Home Art & Culture A ‘maikadah’ at a UP shrine

A ‘maikadah’ at a UP shrine

by Editor's Desk

Faizan Ahmad | Team TrickyScribe: Last Friday I visited the suburban small town Dewa, a little 10 km away from Barabanki, where I was staying to attend a wedding. Dewa or called Dewa Sharif with reverence is famous for the shrine of Hazrat Waris Ali Shah, whose followers use the suffix of Warsi. 

An annual mela or fare in this small town is held in the month of Kartik and 12 days before Diwali, which is also very popular not only among the followers of Haji Waris Piya but also the people living in the countryside of Dewa, 37 km from Lucknow.

Dewa has become a pilgrim town exclusively because of the mausoleum of Waris Ali Shah (1823-1905) whose followers are spread over the world and they come here to pay obeisance during the mela or Urs or any other time. Hundreds of people, belonging to different faiths, mainly women line up at the entrance of the mazar every time it is opened.

But what utterly surprised me to see a signboard on a small building, a little ahead of the mausoleum which reads in bold letters “Khanqah Aaliya Warsi Maikadah” in Urdu and English. As far as my knowledge goes Maikadah, a Persian word, is called a place where wine is served or in plain words a bar. Since  it was locked that day, I couldn’t find out what it was and what it offered. 

Haroon Warsi, chairman of Dewa Nagar Palika, said that this building was constructed by Waris Ali Shah’s Hindu woman devotee Jamal Shah Mastani who came from Gwalior. “There are some rooms there where her followers stay and nothing else happens there,” he said on phone from Dewa.

Asked why this word Maikadah was used there, Warsi said the word is seemingly linked to ‘nasha’ of devotion. “His devotees are intoxicated under the great devotion and for them this is the Nasha.”

It will not be out of place to mention here that one can easily find some outlets selling chilled bear and countrymade liquor close to the shrine campus obviously to fulfill the requirements of the devotees. Liquor is not prohibited in UP like Bihar but it should not be allowed at least near the pilgrim sites by the local administration. 

Mausoof Ahmed Khan, the descendants of a zamindar family in Mawai block in Ayodhya district, said in that building raised by Jamal Shah Mastani, qawwali sessions are held during the Urs of Waris Shah’s father Syed Qurban Ali Shah, whose mazar is located nearby.
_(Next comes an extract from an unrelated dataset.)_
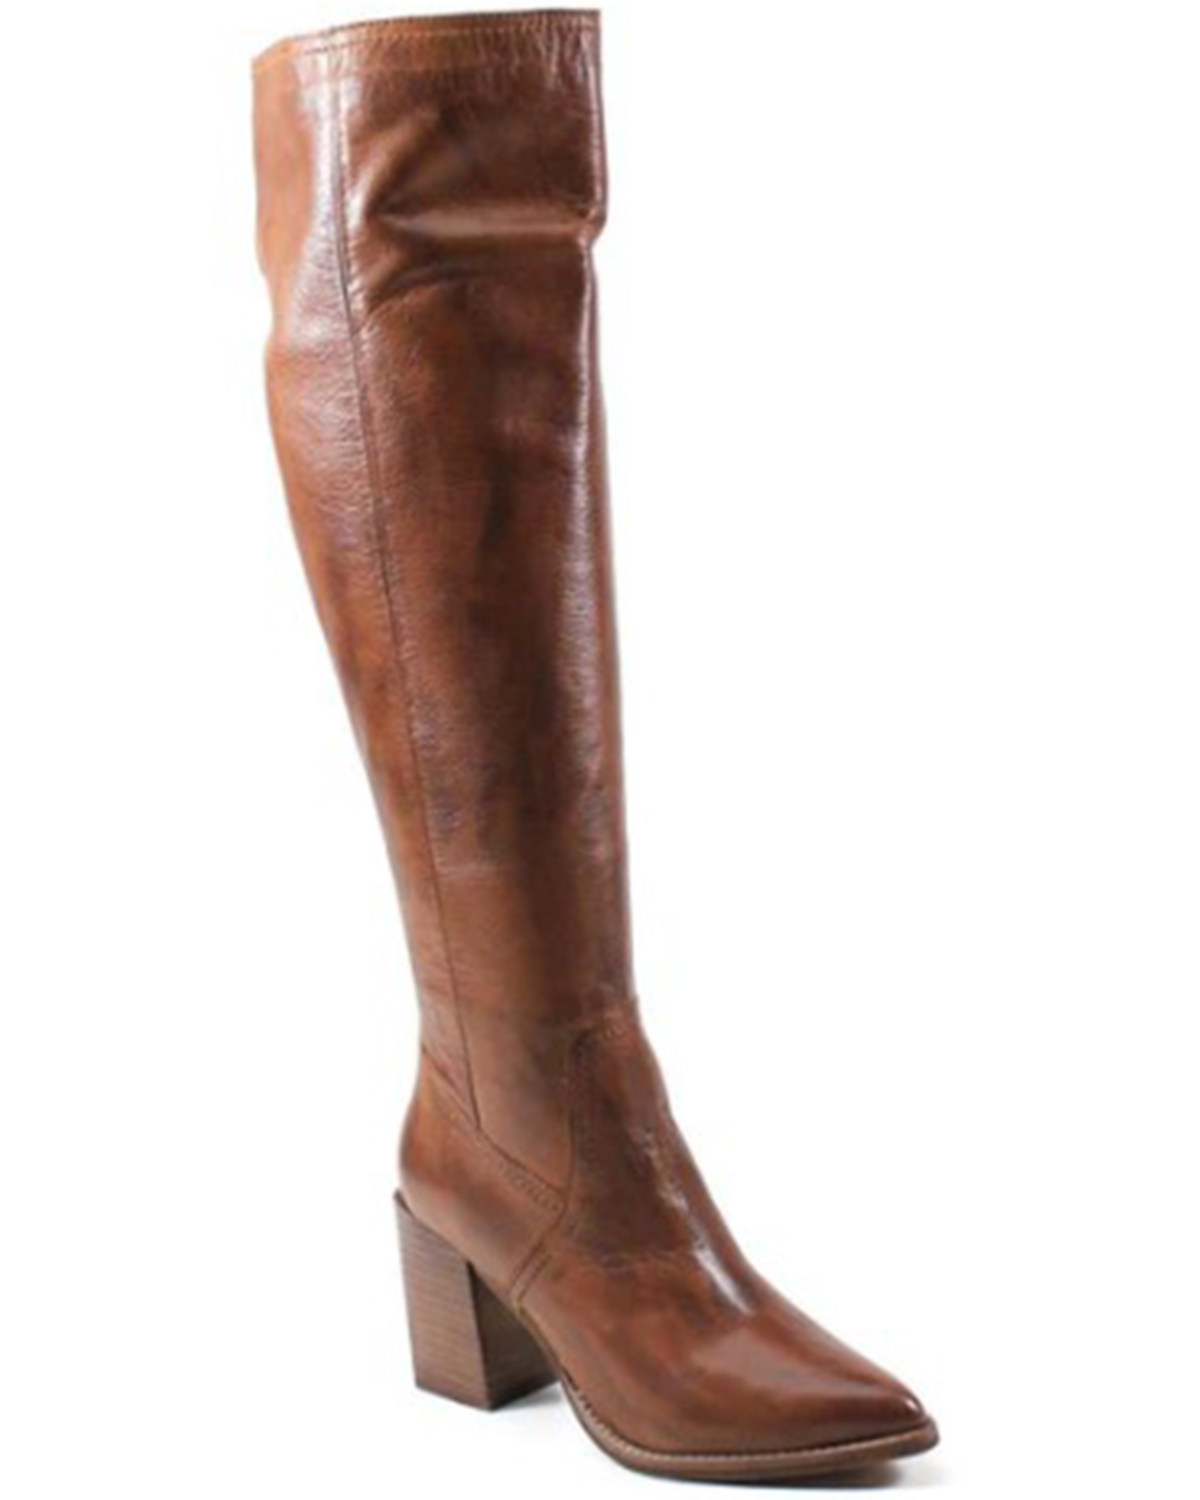 Diba True Women's Do Tall Boots - Pointed Toe
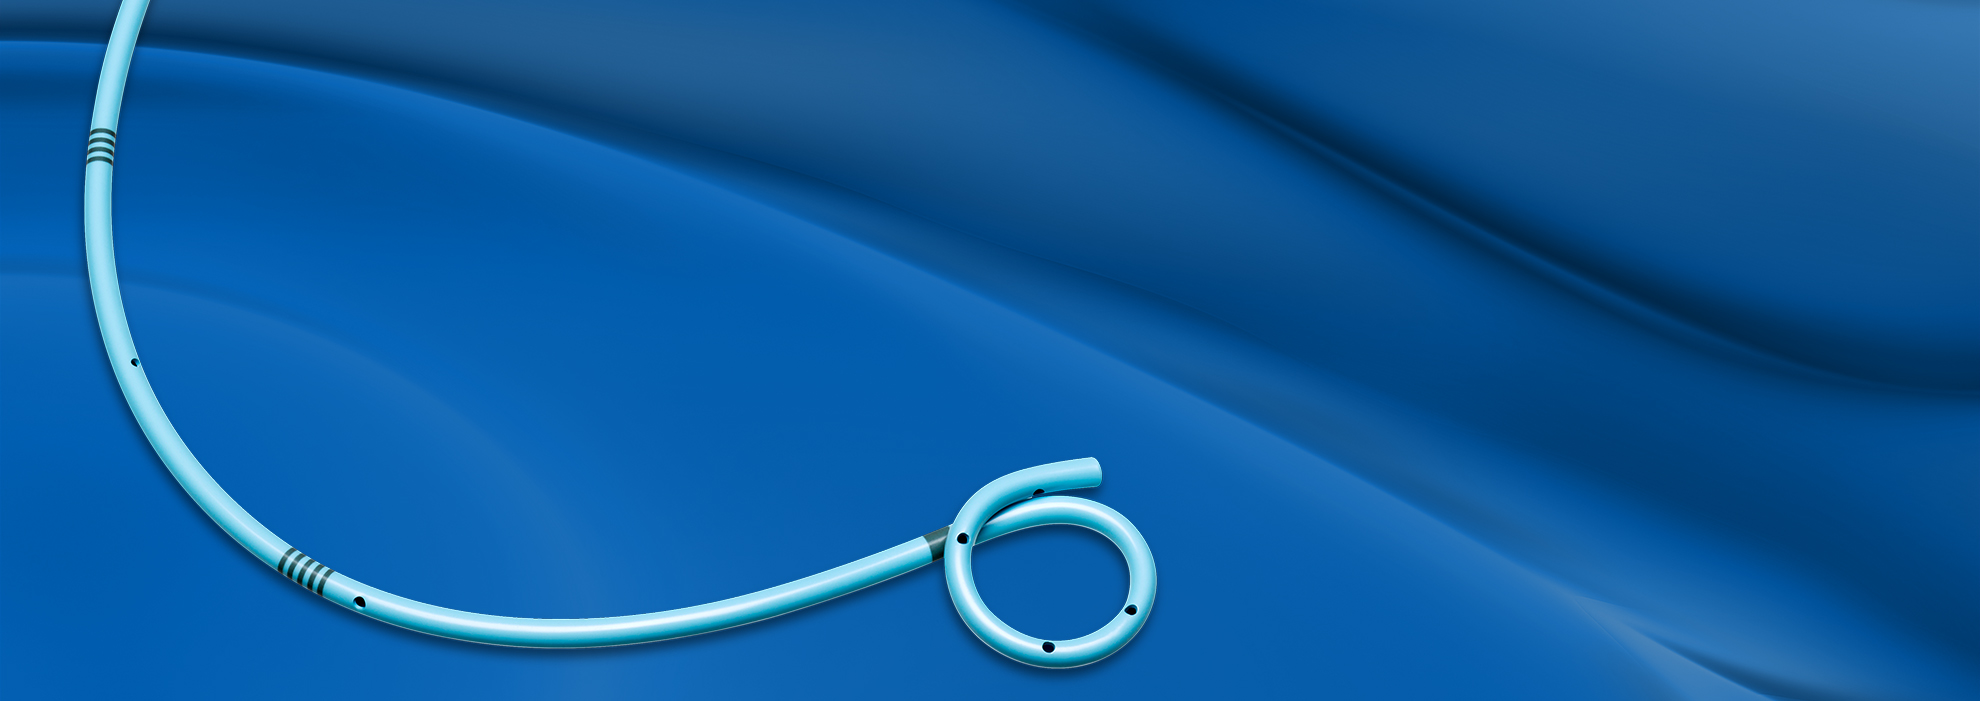 Tria stent on blue background

He said Waris Piya used to visit his ancestors.

Another landed gentry Munir Ahmad Khan of Anar Patti village talked about one big landlord Thakur Pancham Singh during the lifetime of Waris Ali Shah and was a great devotee. He said possibly the observance of Holi was started by him when the saint was alive and he approved it. 

It is said that Holi is played in the shrine’s campus by both Hindus and Muslims with flower petals and yellow abir. They believe that non Muslims from the nearby villages would visit the saint when he was alive and sprinkle abir and petals at his feet on Holi day and he would bless them. This practice still continues and his followers from far flung areas come to play Holi.